**What you will do:**
Take the lines below from the one with "matelas polylatex accueil" through the one with "Бирюзовое детское покрывало-плед." and retype them exactly. Include nothing else, and no pictures.

**Records supplied:**
#####

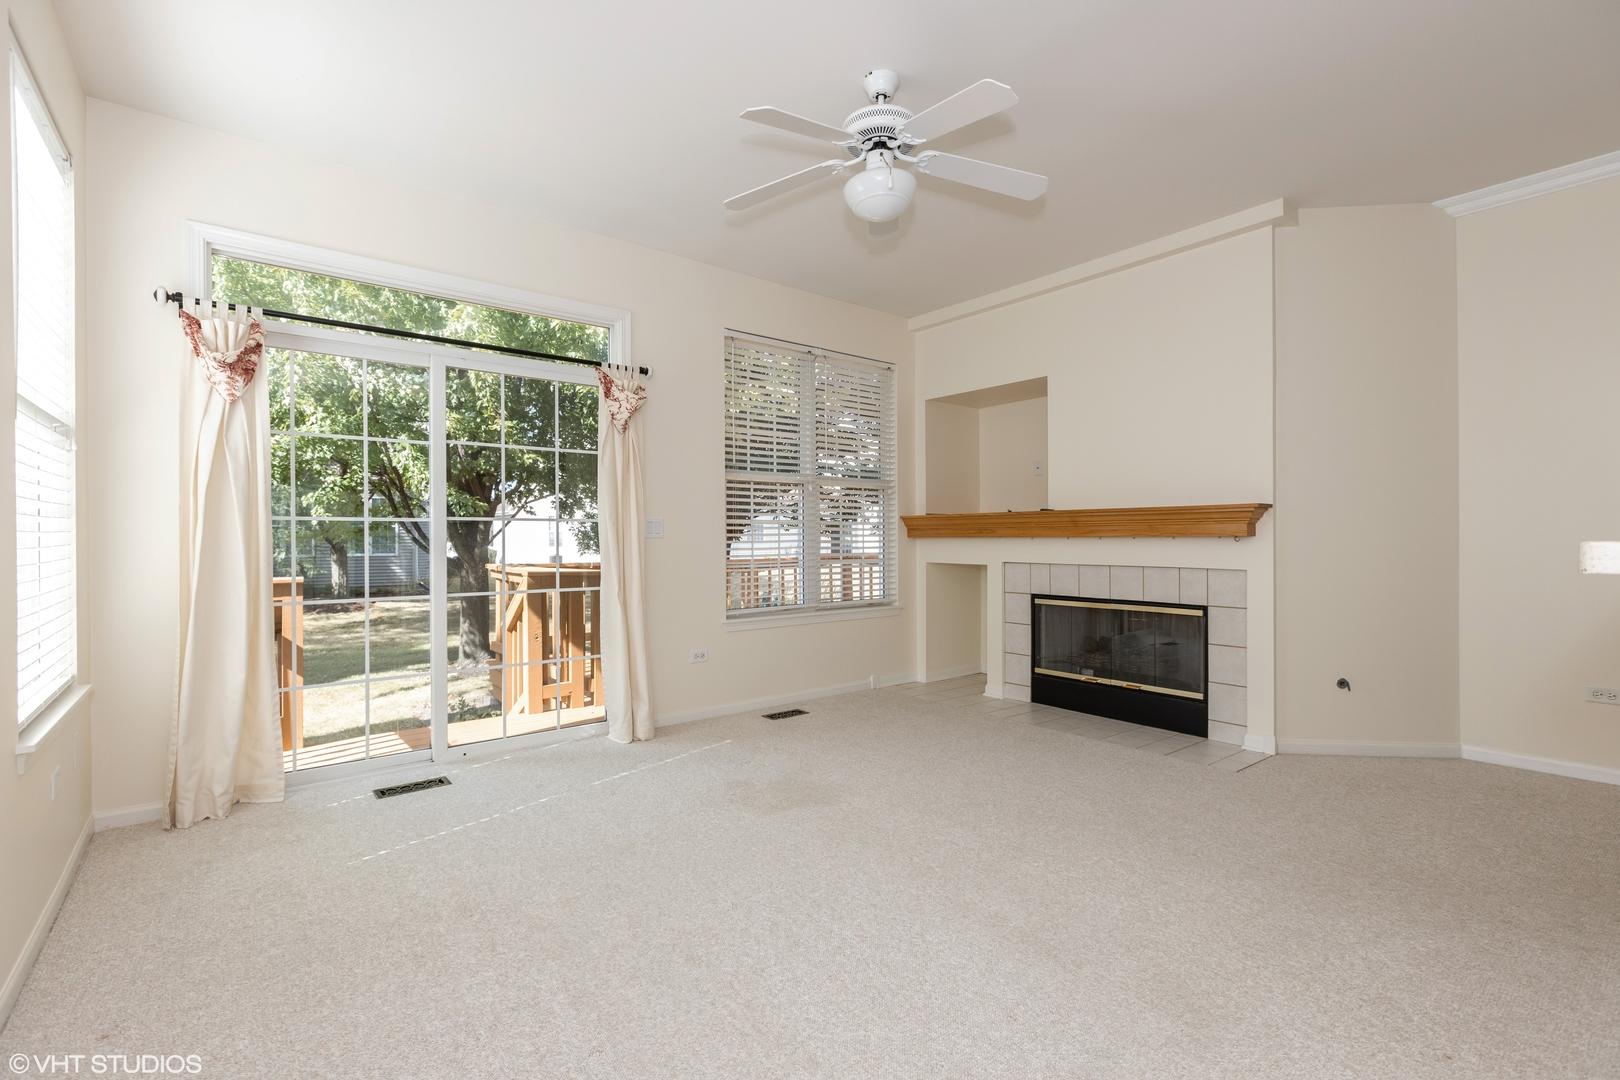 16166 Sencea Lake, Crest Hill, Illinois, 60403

#####

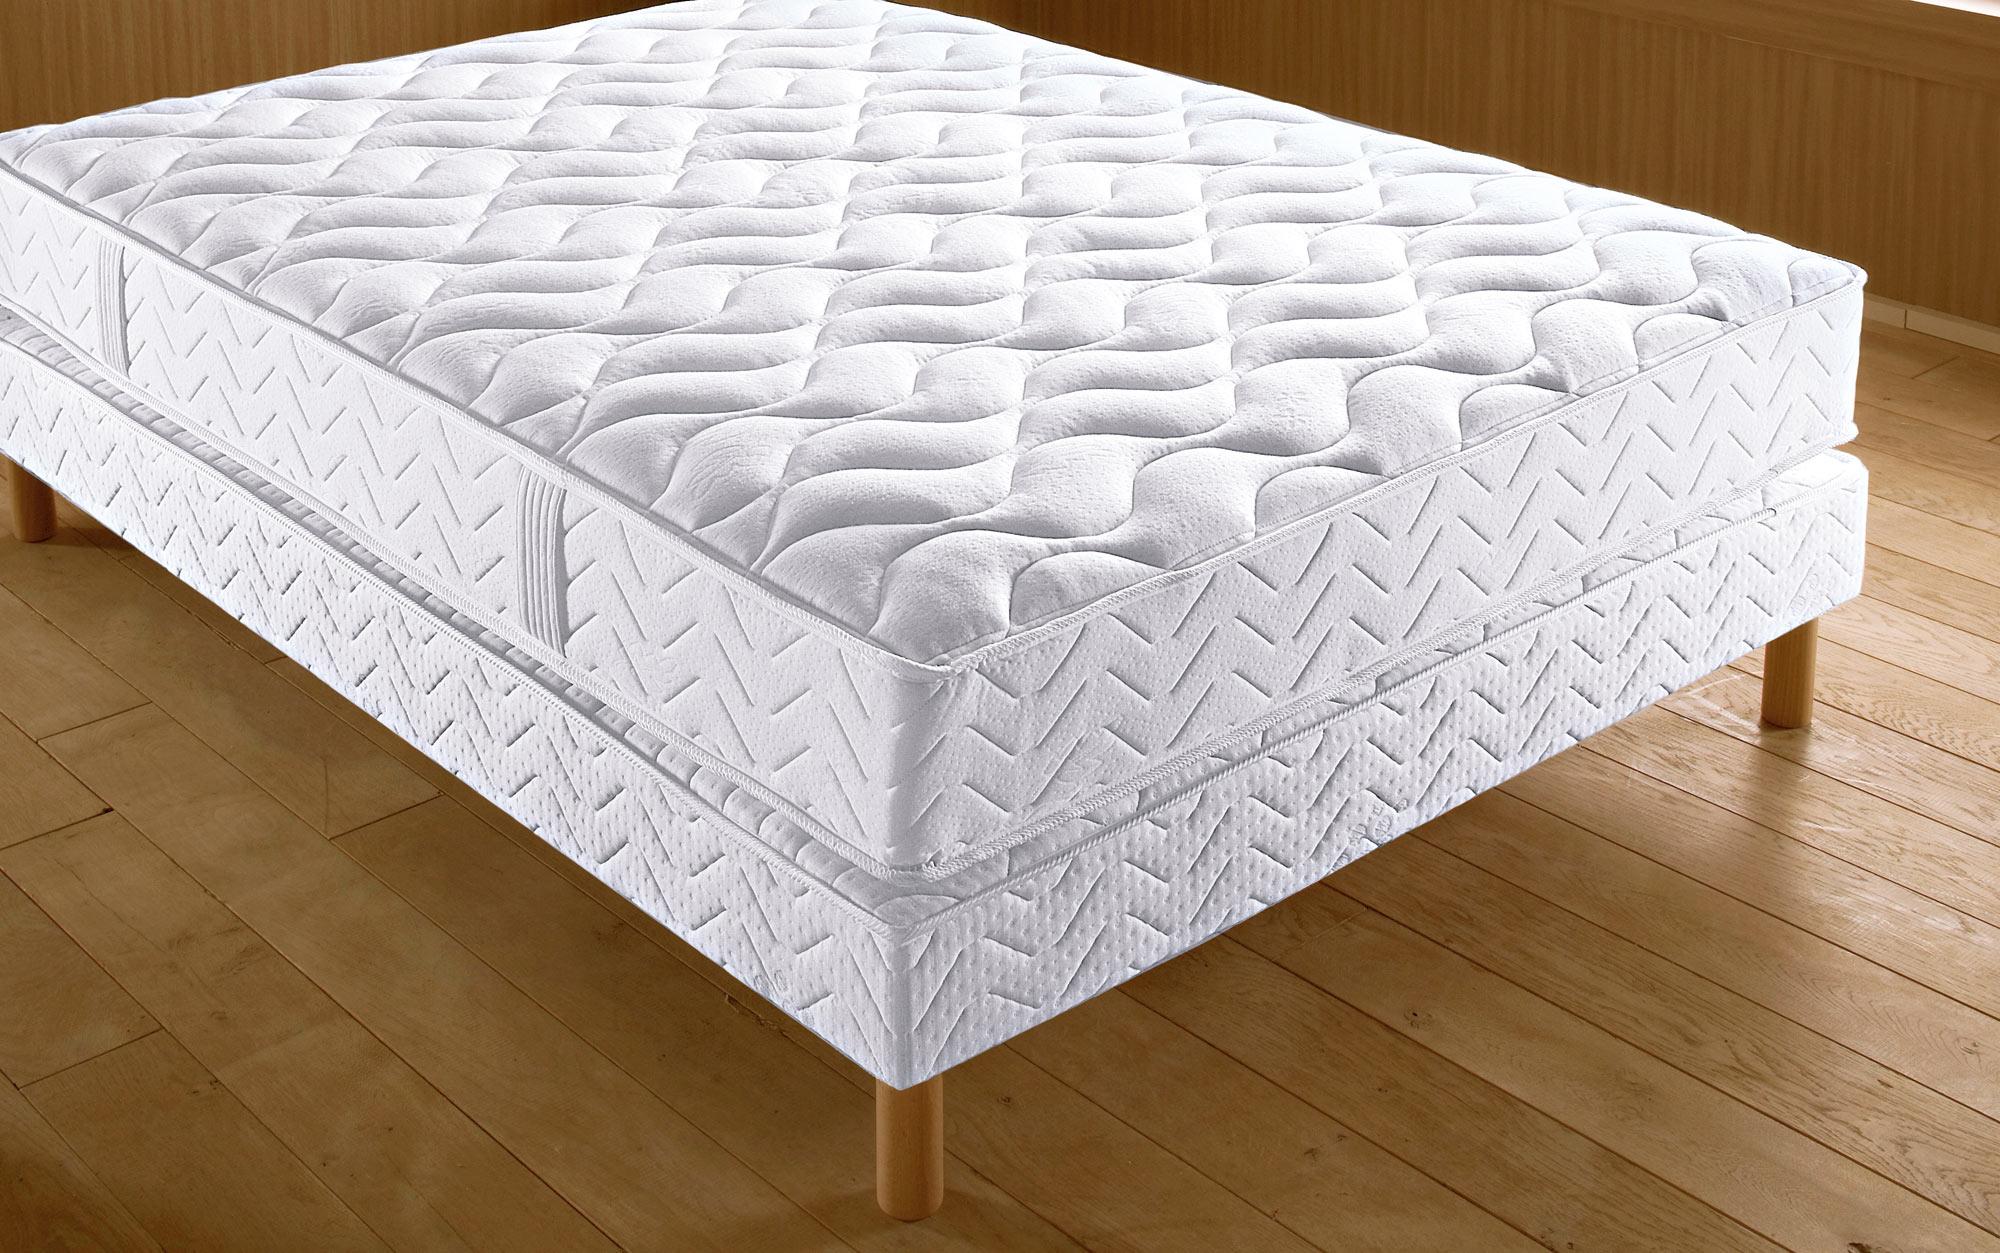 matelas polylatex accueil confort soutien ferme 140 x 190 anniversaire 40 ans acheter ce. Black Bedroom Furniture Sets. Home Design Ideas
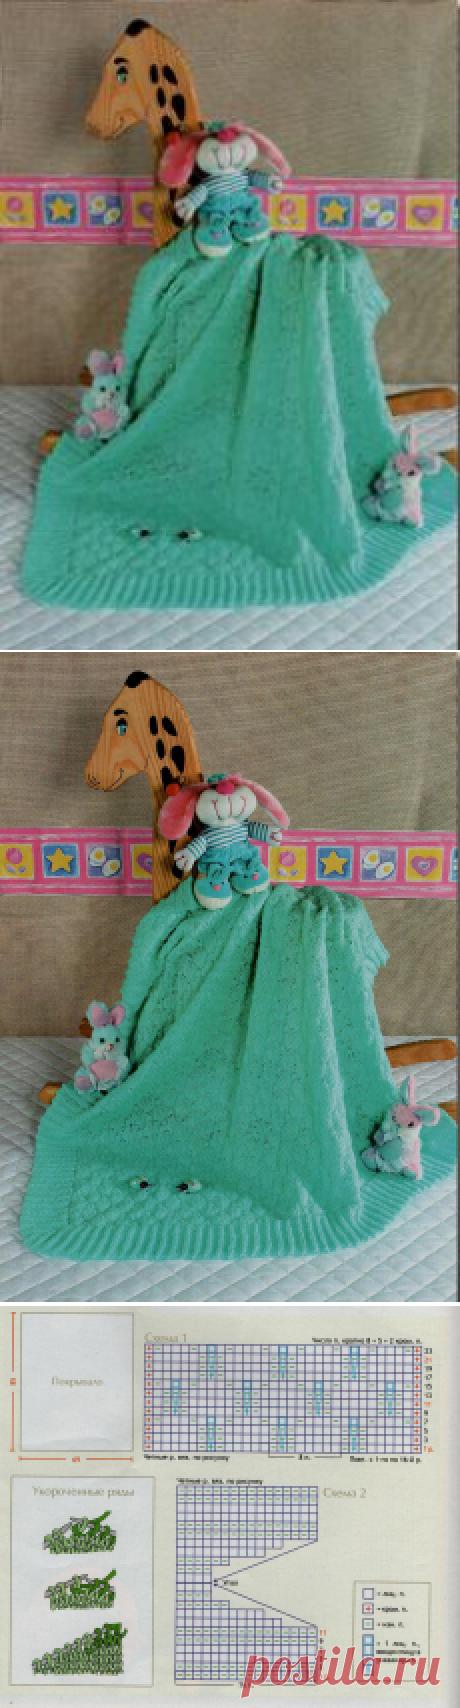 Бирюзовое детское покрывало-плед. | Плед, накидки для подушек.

#####

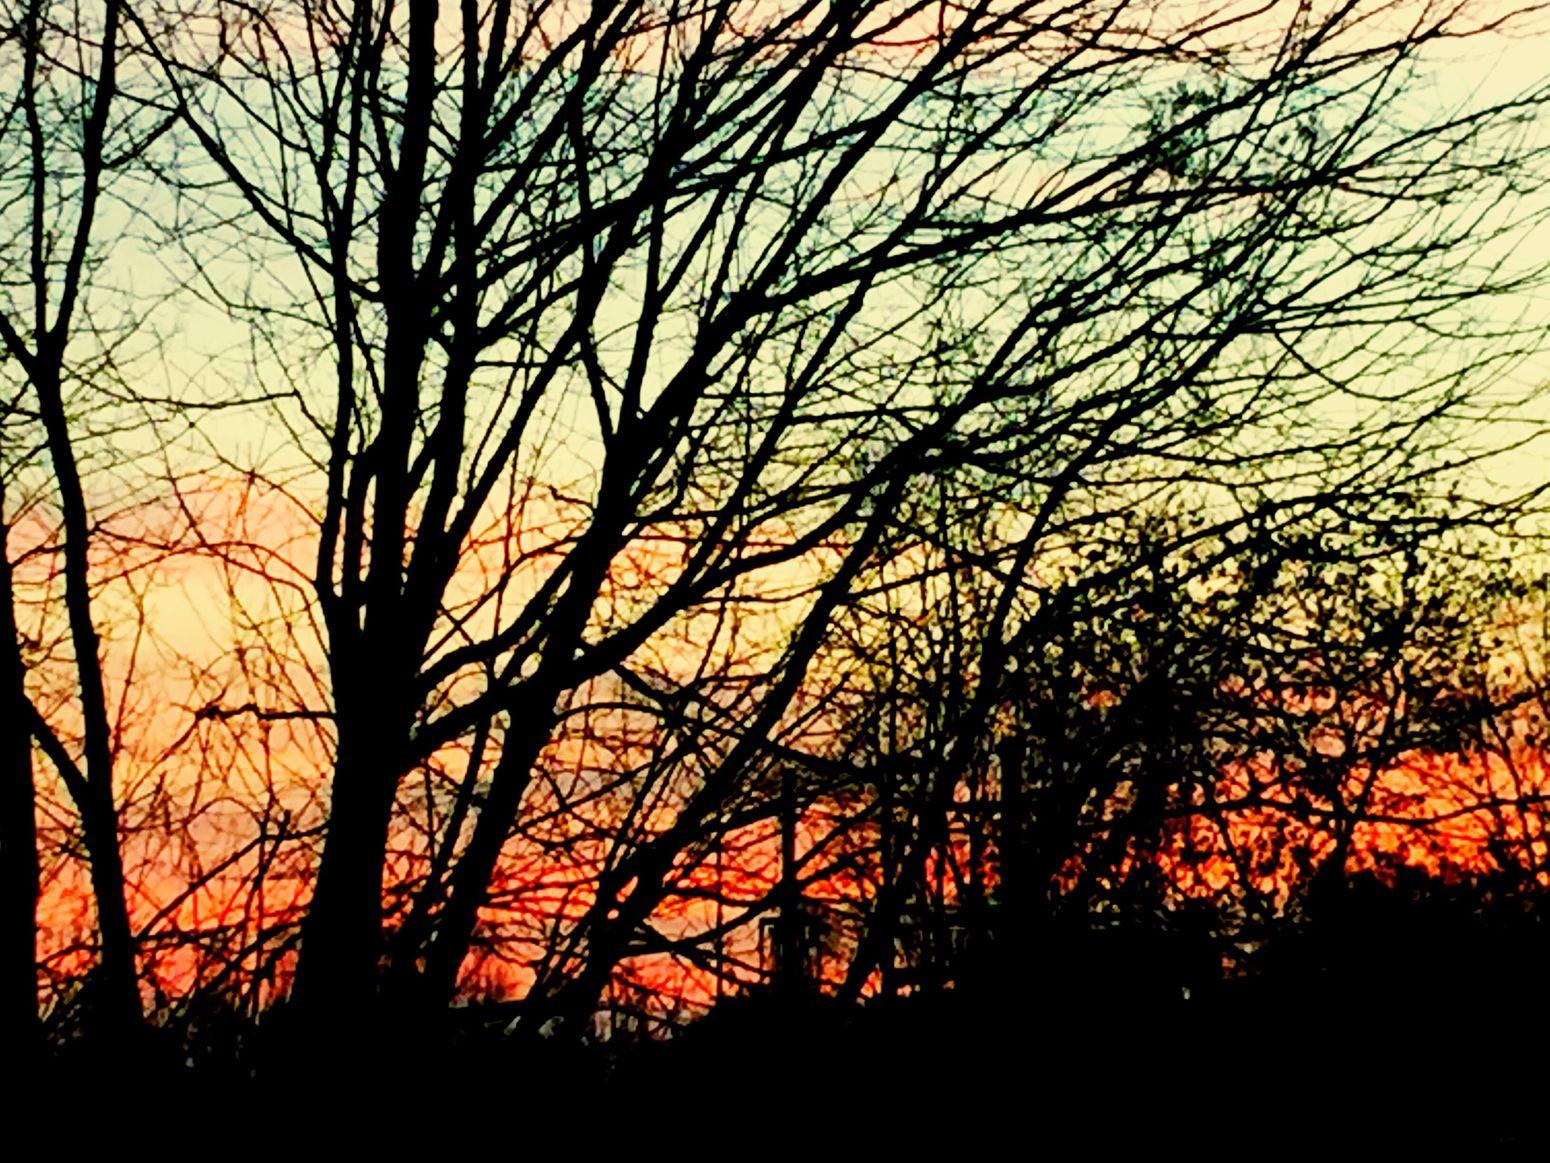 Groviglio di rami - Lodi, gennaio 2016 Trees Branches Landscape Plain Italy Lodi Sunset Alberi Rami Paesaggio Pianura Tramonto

#####

**Answer to this problem:**
 matelas polylatex accueil confort soutien ferme 140 x 190 anniversaire 40 ans acheter ce. Black Bedroom Furniture Sets. Home Design Ideas
 Бирюзовое детское покрывало-плед. | Плед, накидки для подушек.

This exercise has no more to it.